Calculus of wrapped compartments.

The calculus of wrapped compartments (cwc) [14] is also based on the notion of a compartment. cwc has no explicit structure modelling a spatial geometry; nonetheless, Bioglio et al. argue that the compartment labeling feature can be exploited to model various examples of spatial interactions in a natural way [14].

To model 2D-space, cwc allows to label a compartment as a 2D-coordinate, denoted by a tuple of integers (row,column), thus they can define a two-dimensional grid [14]. Modelling the space as a two-dimensional grid, this calculus was used to analyze the growth model for arbuscular mychorrizal fungi [14]. Biochemical transformations are described via a set of stochastic reduction rules which characterize the behavior of the represented system. Stochastic simulation can be defined along the lines of Gillespie’s simulation. Bioglio et al. performed simulations of the growth model using the surface language (a language they developed) [14].

Spatial pi-calculus.

Most calculi have focused on population-based approaches or on how to place and move individuals relative to each others position in space. SpacePi [39] extends the pi-calculus with continuous time and space. Processes are embedded into a vector space and move individually. Only processes that are sufficiently close can communicate.

According to John et al., existing spatial individual-based approaches have so far focused on indirect, relative space [39]. For that reason, John et al. developed SpacePi to explicitly model location and movement of individuals in absolute space. By combining an individual-based perception and absolute space, not only diffusion processes, but also active transportation inside membranes can be modeled realistically at different resolutions [39]. This makes their approach different from other pi-calculus extensions, like the stochastic pi-calculus. This implies that existing simulation engines based on Gillespie’s algorithm cannot be used; this also implies, that simulation will be less efficient than the one obtained with engines based on Gillespie’s algorithm. This calculus has been used by John et al. to model the behavior of a euglena, a micro-organism living in inland water which motion is influenced by sun irradiation. John et al. ran simulations on a tool of their own [39].

Spatial ccp .

Barco et al. recently proposed a spatial extension of ccp [7]. In spatial ccp, each process has a computation space that can be shared with other processes. In addition, it is possible to have nested computation spaces. Spatial ccp has not been used to model ecosystems.

Modelling in Ecology with

Location Attributes.

Modelling in Ecology with Location Attributes (mela) is a process calculus to formally describe ecological systems, with focus on space abstraction and environmental description [45]. Like other stochastic process algebras, mela allows complementary analysis techniques, such as stochastic simulations, numerical solution of ordinary differential equations. In mela, the modeller can choose between different spatial structures; for instance, a graph, a discrete line segment, a 2D grid, a 3D grid, or a nested spatial structure. mela has been used to model prey-predator dynamics (the Lotka-Volterra model) and the spread of a Cholera epidemic [45]. A disadvantage of mela is the lack of tools to support the spatial and temporal analysis that could be possible using its semantics.

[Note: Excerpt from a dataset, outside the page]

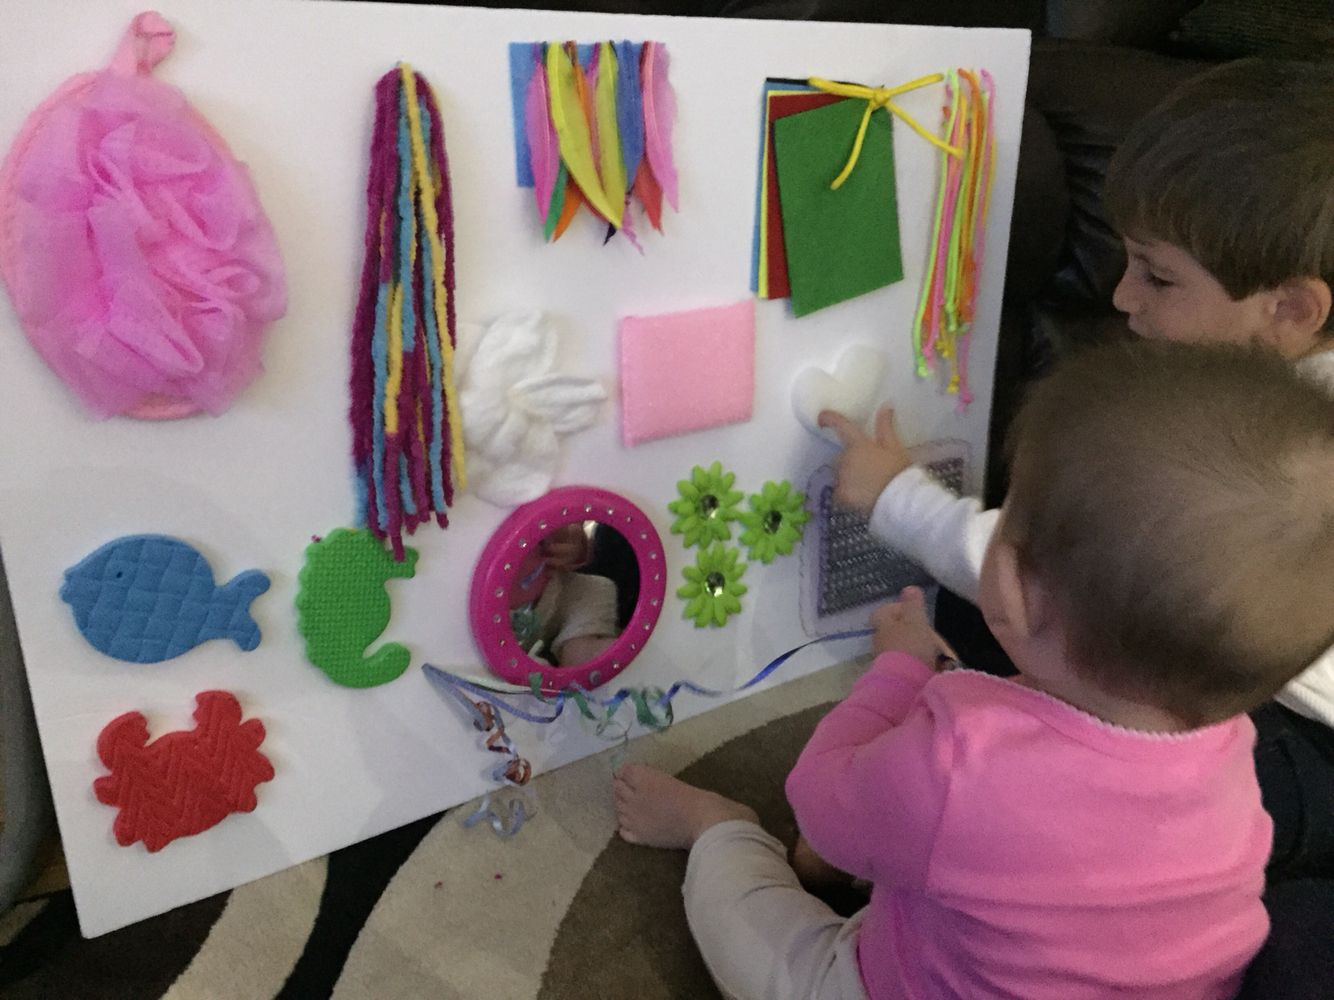 Sensory Board DIY 6 Month Old Baby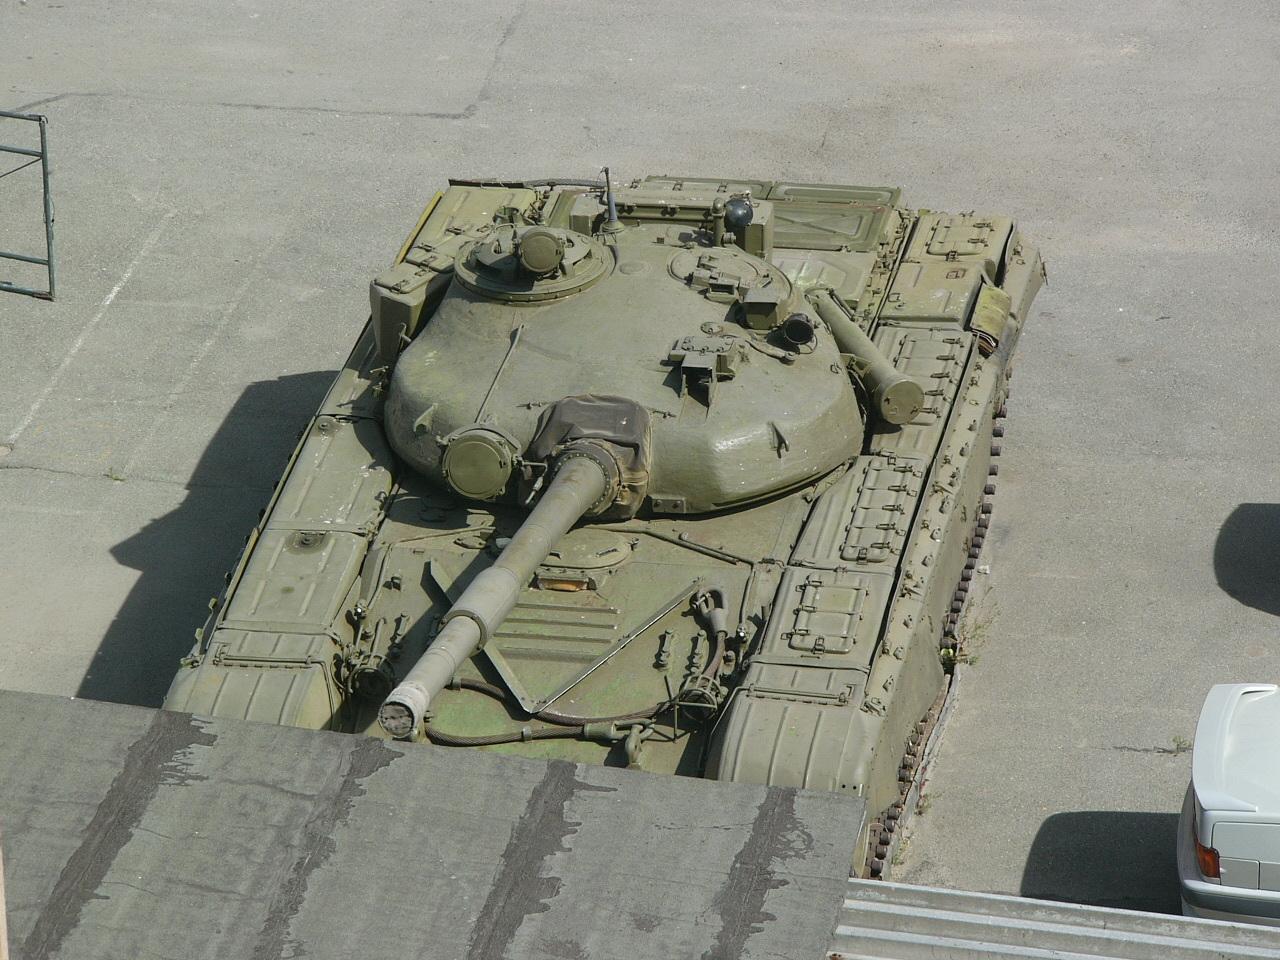 t-72.26446sfsfr.jpg

Process Algebra for Located

Markovian Agents.

Process Algebra for Located Markovian Agents (paloma) [32] uses multi-class multi-message Markovian agents to model collective systems comprised of populations of agents which are spatially distributed. paloma is equipped with both discrete event and differential semantics. The discrete semantics provides the theoretical foundation for discrete event simulation and the differential semantics allows us to automatically derive the underlying mean-field model. paloma was used to model a simplified scenario of the 1918-1919 flu epidemic in central Canada and to investigate the effect of quarantine on the spread of the flu.

Other extensions of CCS.

Bartocci et al. proposed an extension of CCS to model 3D space. This extension is called the shape calculus [9, 8].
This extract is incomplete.